Rn. 1

Stand: EL 37 – ET: 09/2022

In der anglo-amerikanischen Bilanzierungspraxis haben latente Steuern eine lange Tradition (vgl. HdJ, Abt. I/18 (2019), Rn. 1) und gelten als unverzichtbares Element einer RL, die auf die zutreffende Darstellung der Vermögenslage und die periodengerechte Erfolgsabgrenzung i. S. d. "matching principle" abstellt. Dies umso mehr, als angelsächsische Länder vielfach ein Maßgeblichkeitsprinzip deutscher Prägung (vgl. HdR-E, Kap. 3) nicht kennen und somit Divergenzen zwischen Handels- und Steuerrecht in erheblichem Umfang auftreten. Im internationalen Kontext sind die Regelungen zur Bilanzierung von latenten Steuern nach US-amerikanischen (vgl. ASC 740) und internationalen (vgl. IAS 12) RL-Standards daher sehr einflussreich.

 

Rn. 2

Stand: EL 37 – ET: 09/2022

Zu Beginn des neuen Jahrtausends haben die IFRS und damit das Konzept zur Bilanzierung von latenten Steuern nach IAS 12 nochmals erheblich an Bedeutung gewonnen. Diese Entwicklung ist u. a. darauf zurückzuführen, dass kap.-marktorientierte UN mit Sitz in einem Mitgliedstaat der EU seit dem 01.01.2005 zur Aufstellung eines KA nach IFRS verpflichtet sind (vgl. Art. 4 der sog. IAS-VO (EG) Nr. 1606/2002 (ABl. EG, L 243/1ff. vom 11.09.2002)). Darüber hinaus erlangten die IFRS in zahlreichen Ländern einen hohen Stellenwert, weil sie sich als RL-Grundsätze in den lokalen Abschlüssen (EA bzw. HB I) durchsetzten und insoweit sich (auch) latente Steuern in diesen RL-Welten etabliert haben.
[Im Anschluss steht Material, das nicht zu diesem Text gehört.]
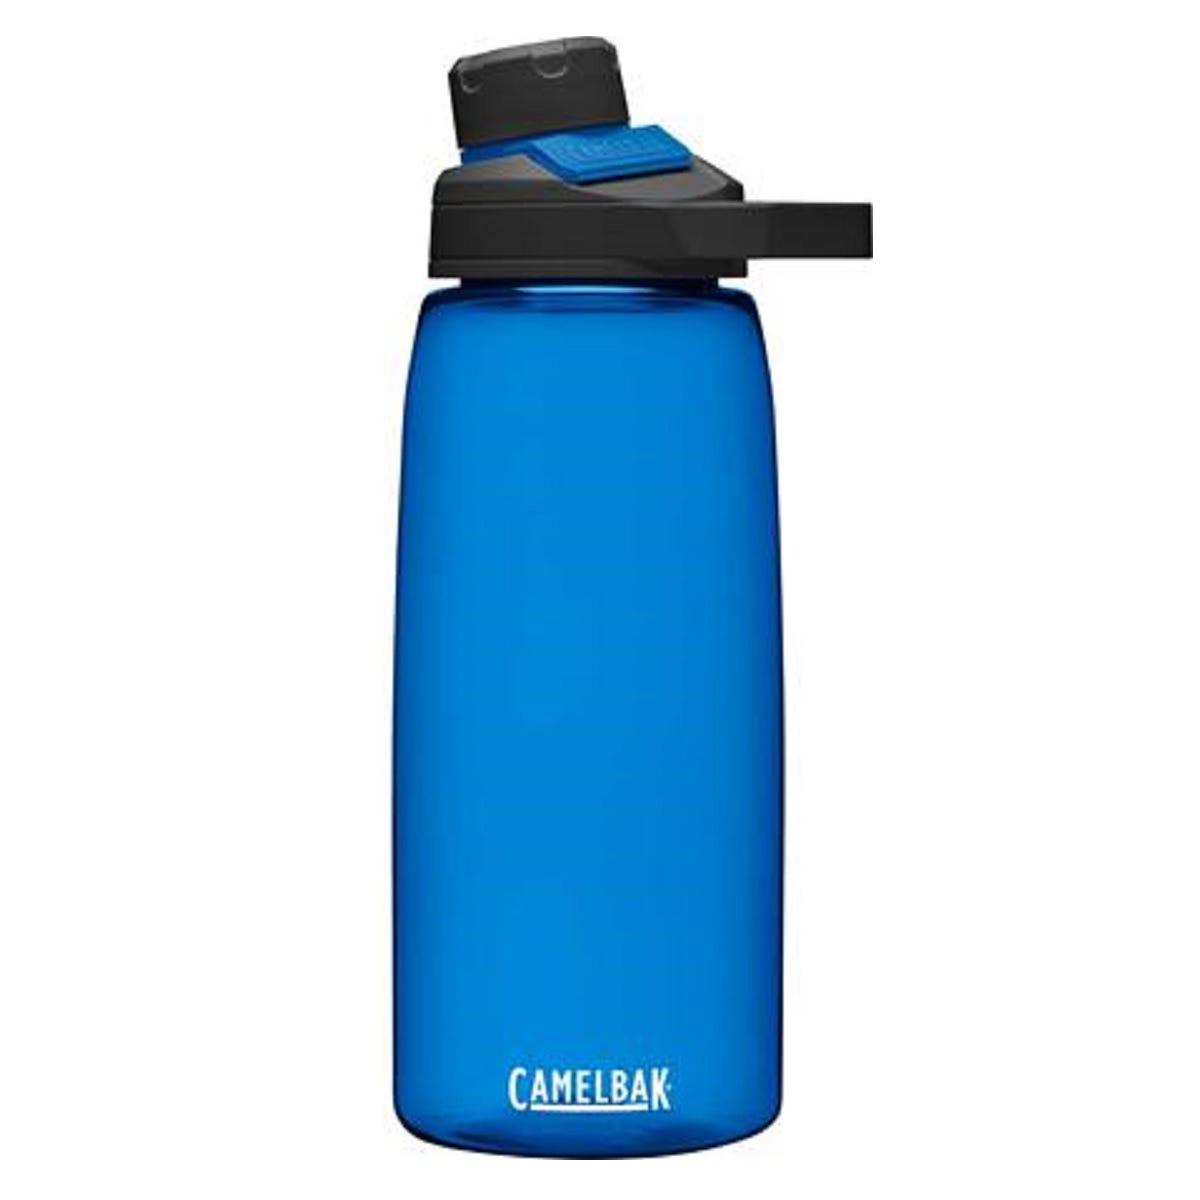 CamelBak® Chute® Botella de agua con imán, 946.35 mL en azul oxford

Beachtenswert ist zudem, dass das nach IFRS ermittelte Ergebnis in einigen Jurisdiktionen als Ausgangsgröße für die ertragsteuerliche Gewinnermittlung dient und damit eine wesentliche Grundlage der ertragsteuerlichen Bemessungsgrundlage darstellt.

 

Rn. 3

Stand: EL 37 – ET: 09/2022

Die erwartete Umsetzung der von der OECD (2022) veröffentlichten Regelungen zu "Pillar Two – Tax Challenges Arising from the Digitalisation of the Economy" könnte ferner dazu führen, dass die IFRS in den kommenden Jahren einen größeren Einfluss auf die Besteuerung von UN erlangen. Sollten nationale Besteuerungsregime umfassend auf die Regelungen der IFRS zurückgreifen, könnte dies die gegenwärtig bestehenden Abweichungen zwischen Handels- und Steuerrecht verringern oder gänzlich beseitigen. Gleichwohl ist es sehr wahrscheinlich, dass latente Steuern selbst bei vollständiger Umsetzung der vorgeschlagenen Neuregelungen zu "Pillar Two" durch nationale Steuergesetzgeber integraler Bestandteil aller RL-Standards weltweit bleiben werden.